KCHZ (95.7 FM, "95-7 The Vibe"), is a Top 40 (CHR) radio station licensed to Ottawa, Kansas and serving the Kansas City metropolitan area. The Cumulus Media, Inc. outlet operates at 95.7 MHz with an ERP of 98 kW. Its transmitter is located near Linwood, Kansas, and studios are in Overland Park, Kansas.

History

Early years
KCHZ first began broadcasting as KOFO-FM, an FM simulcast for sister station KOFO (1220 AM). The station signed on March 1, 1962.

In 1978, the station stopped simulcasting its AM sister station and flipped to a mix of Top 40 and AOR as "96X", with the call letters KKKX.

In 1986, the station flipped to easy listening/adult contemporary, branded as "96 HUM", and changed call letters to KHUM. The station relocated its transmitter from its original site near Ottawa to its current location near Linwood, upgraded its power to 100,000 watts, and relocated its studios, first to Lawrence, then to Topeka. In 1991, the station went silent.

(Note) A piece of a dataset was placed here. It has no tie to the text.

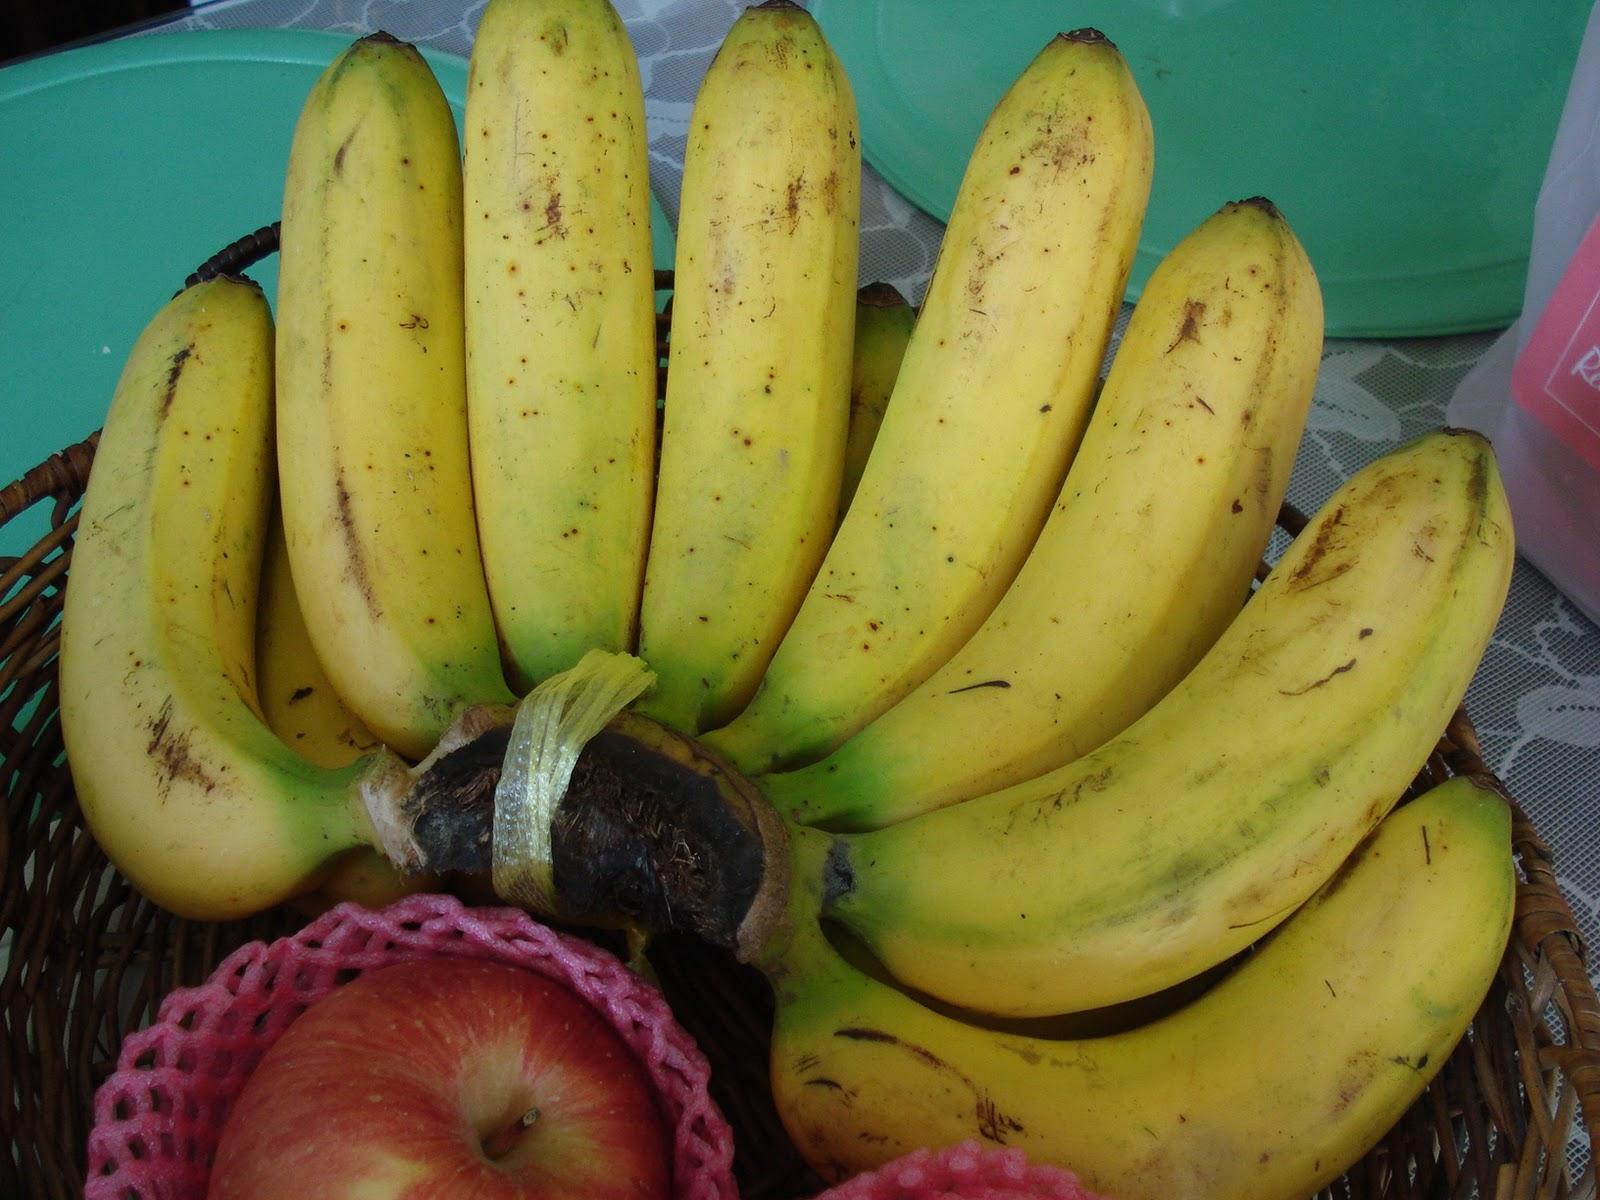 lakatan banana flesh extract as an

In 1993, the station signed back on as adult contemporary KZTO, branded as "Z96." The studios were in Lawrence, near 25th and Iowa, with the tower southeast of the city. In January 1994, the station went silent again.

Channel Z/Z95.7
The 95.7 signal signed back on under the control of Radio 2000, Inc. on January 21, 1997, as KCHZ, "Channel Z95.7", a Modern Adult Contemporary outlet, after stunting with all-80's music and a heartbeat sound effect for about a week. This was the frequency's first attempt to target the Kansas City area. During this time, the station used the slogan "Kansas City's Superstation." KCHZ would gain a competitor in September 1997, when KYYS flipped to Modern AC.

By January 1998, KCHZ shifted to Top 40/CHR, then to rhythmic contemporary by 1999. During this period, KCHZ called itself "Z95.7 - Kansas City's Hottest Hits."

The station was sold to Syncom Radio in 1999, and Syncom continued to adjust the station's image. KCHZ shifted back to Mainstream Top 40/CHR in 2000, back to Rhythmic CHR by 2002, then back to a Mainstream CHR by late 2003, when Cumulus Broadcasting bought the station.

The Vibe
By November 2005, after years of confusing listeners over what direction the station was taking, Cumulus decided that 95.7 needed a complete overhaul. To bring attention to the changeover, KCHZ began stunting with all-Christmas music at Noon on November 1, 2005, as "Jingle 95.7", jumping the gun a week before KUDL or KCKC would even start broadcasting Christmas music. However, by the next day, the station shifted its stunting to a loop of "Swans Splashdown" by Jean-Jacques Perrey and "Lonesome Road" by Dean Elliot & His Big Band. At 5 p.m. on November 3, KCHZ shifted to Rhythmic CHR for a third time as "95-7 The Vibe, The Beat of Kansas City", with The Black Eyed Peas' "My Humps" being the first song played. During its tenure as a Rhythmic station, KCHZ aired a few syndicated shows, including "The Weekend Top 30 Countdown" with Hollywood Hamilton, as well as "Sunday Night Slow Jams" with R.Dub.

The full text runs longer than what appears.